At the end of October, BAM organized another edition of its “Meaningful Marketing Talks” at the Kruitfabriek in Vilvoorde, this time on privacy and ethics. One of the noted speakers there was Géraldine Proust of ESOMAR. She talked about the importance of using unbiased and representative data in market research.

ESOMAR is a global business community of insights and analytics founded in 1947. The organization has more than 8,000 members including 650 companies from 130 countries. ESOMAR is a strong advocate for following the statistical and analytical techniques of the applied social, behavioral and data sciences when doing market research. And that is precisely what Géraldine Proust came to reiterate.

“Unbiased and representative market research doesn’t just happen, it’s a continuous industry effort,” she says. “At ESOMAR we set guidelines that ensure that data is processed in an ethical and legal way that protects the rights of research participants and data subjects. Now AI is increasingly used in our field, using correct data is becoming increasingly important.”

Secondary data

This especially plays a role when market researchers use so-called “secondary data”, Proust argues. “Secondary data are data that you didn’t collect yourself and thus come from an external source, say IoT-systems or social media. This data should not be deployed without asking fundamental questions about its provenance: was there a thorough assessment for the first collection of data? Was the data collected with the knowledge of the participants? The role of the researcher is increasingly evolving from data collector to data curator: he or she must focus much more on organizing and integrating the data.”
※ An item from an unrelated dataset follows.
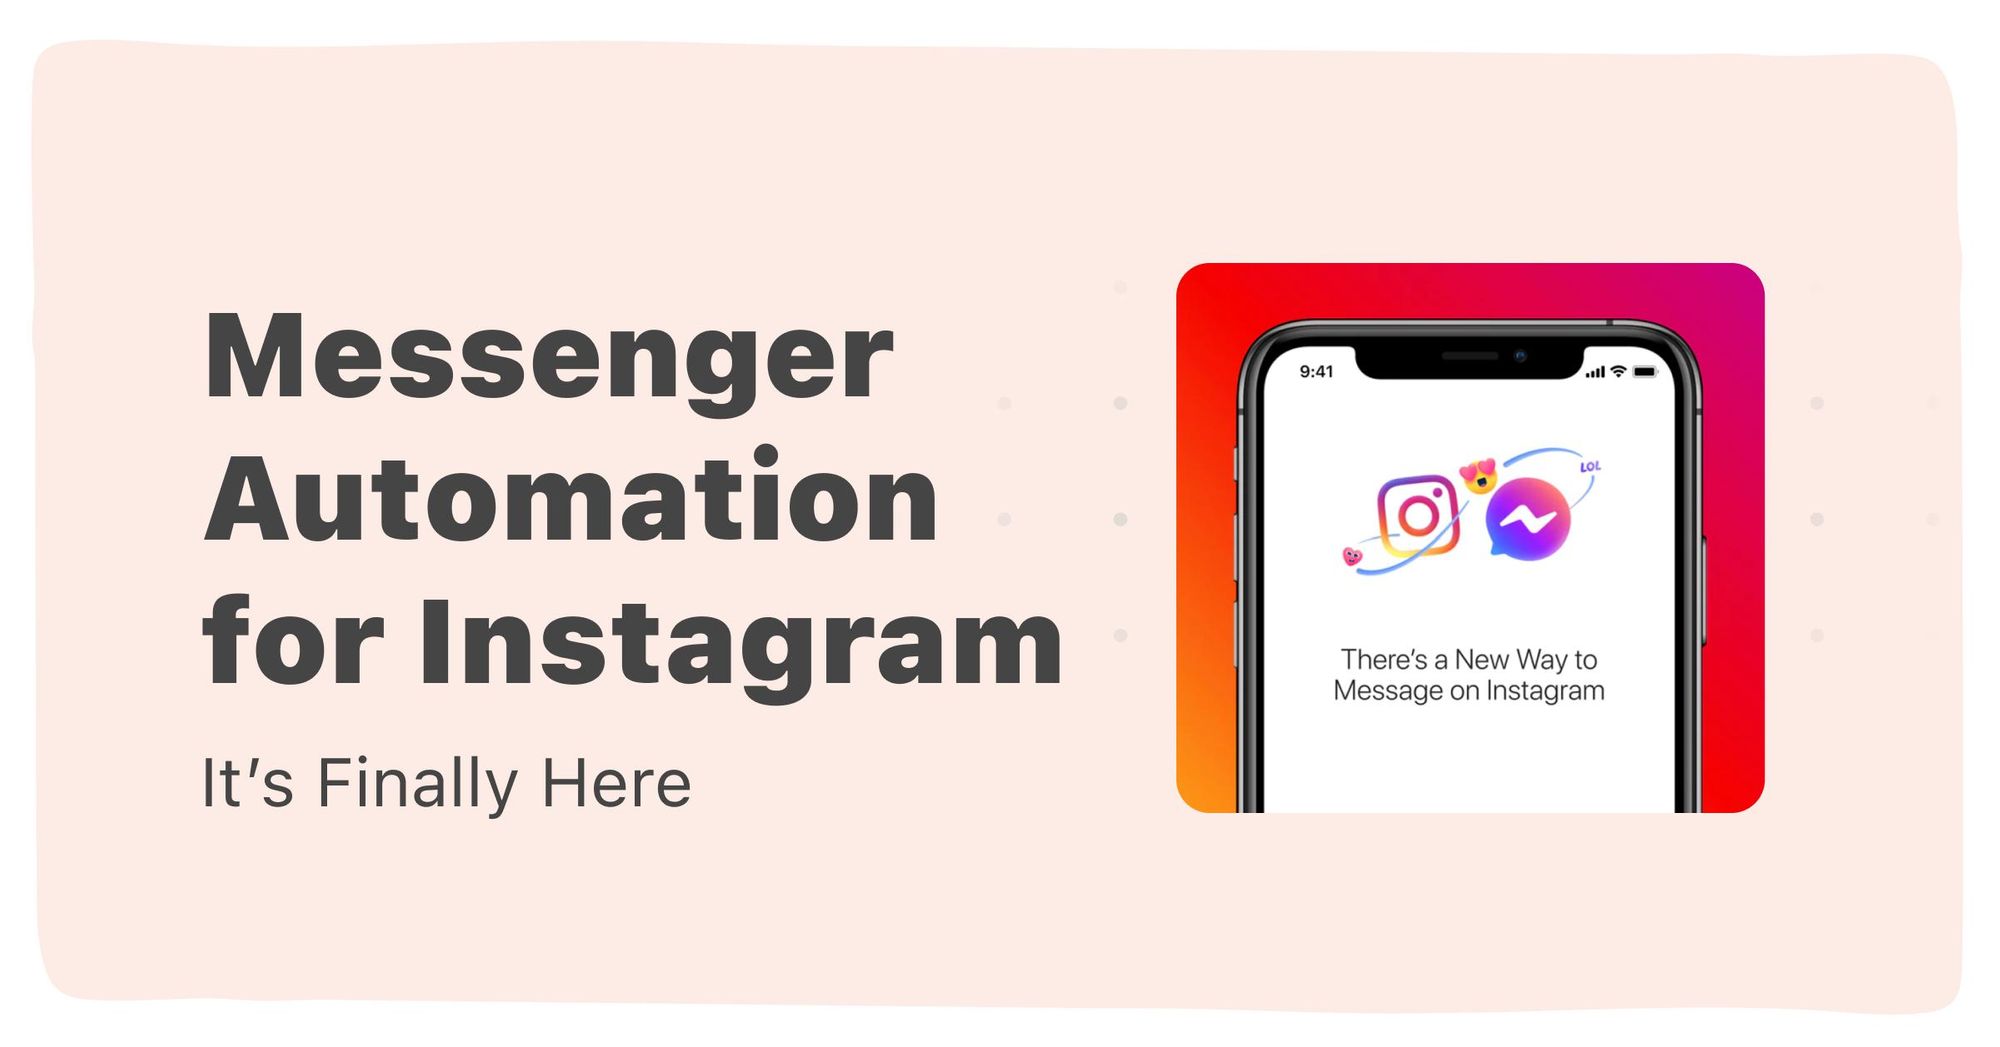 Brands on Instagram, especially D2C brands and creators can now use the same messaging automations Messenger already offered. Automations include mess

For this reason, ESOMAR and GRBN (Global Research Business Network) developed a guideline on processing secondary data. This guideline highlights the need for transparency about data sources and includes a set of requirements. These enable clients and other data users to make informed judgements about the validity of the data and whether it is representative. The requirements also cover methods of statistical analysis and, where relevant, methods to clean the data.

In addition, ESOMAR has created a “Data Protection Checklist” to help researchers ensure they have covered the fundamental requirements when collecting and using data. For instance, there must always be a legal basis for processing personal data (through consent or a contract, for example) and personal data must always be as up to date and accurate as possible. Proust: “Data must of course also always be kept secure and there must be clear internal rules around how the data is used. If, for example, cloud services are used to store the data, the risks of this must be clearly identified and kept under control.”

The guidelines can be found at

Questions to help buyers purchase online samples

ESOMAR has also drafted a set of questions that buyers should ask when evaluating the offerings of different online sample providers (samples are a selection of participants to take part in a research project). The original set of questions was made in 2006. It was updated in 2012 and the most recent version was released in March 2021, it compiles 37 questions. “What information about a project is given to potential participants before they choose whether to take the survey or not? How often can the same individual participate in a survey? How does this vary across your sample sources? What recruitment channels are you using for each of the sources?”, gives Proust as examples. “But also: what form of validation do you use to ensure each participant is real, unique, are who they say they are? How can participants provide, manage and revise consent for the processing of their personal data? What support channels do you provide for participants? This guide provides the sample buyer with a framework to evaluate the services of the sample provider, offers questions that should be asked and indicates the issues buyers should expect to be covered in an answer.”

More than a checklist, the questions should be used as the basis of a conversation between the buyer and the seller, says Proust, depending on what it is important for the specific buyer. “There are generally no right or wrong answers to these questions, the answer depends on the context and the kind of research. This is all about the quality of exchange and how it is working and helping people to become more aware of what their options are, what is important and what is not.”

Five principles for AI

As Proust pointed out, especially in the AI era, it is necessary to thoroughly define the methodologies of investigations. Accordingly, ESOMAR launched discussions to develop its own ethical framework on how to use artificial intelligence at its most recent conference. “That framework is based on five major principles,” she explains. “The first is that AI should be used for good in market research. For example, to provide an unbiased, representative voice. Or to support that research is conducted ethically. The second is that AI systems should do no harm: we want to avoid discrimination and deep fakes and be transparent to individuals. The third principle is that there should be human oversight of AI systems. It is essential that there be responsible human beings for the organization, use and protocols around AI. The fourth principle is that AI should promote prosperity and avoid unfairness. Training data should be unbiased and representative of target groups. This can be done through correct methods of obtaining the sample. Last but not least, AI systems must be explainable, and developers and users must be held accountable for AI outcomes. AI should be verifiable, so the use of ‘black box’ systems (where no one can really explain how they work) should be avoided.”

Best practices to measure demographics

To finish, the last tool ESOMAR developed, was a series of evidence based best practices to measure demographics in a uniform way. Proust: “ESOMAR experts take into consideration data protection and privacy, while developing these best practices, for example data minimization for age as we do not encourage collecting the date of birth. Our recommendations will improve quality standards and produce results that are more comparable from one project/region to another thus facilitating multi-country research projects. This will help researchers and clients everywhere to improve research standards. ESOMAR consults the broader industry in its guidance and best practices before adopting them, so everyone is welcome to share opinions and suggestions with the professional standards team.”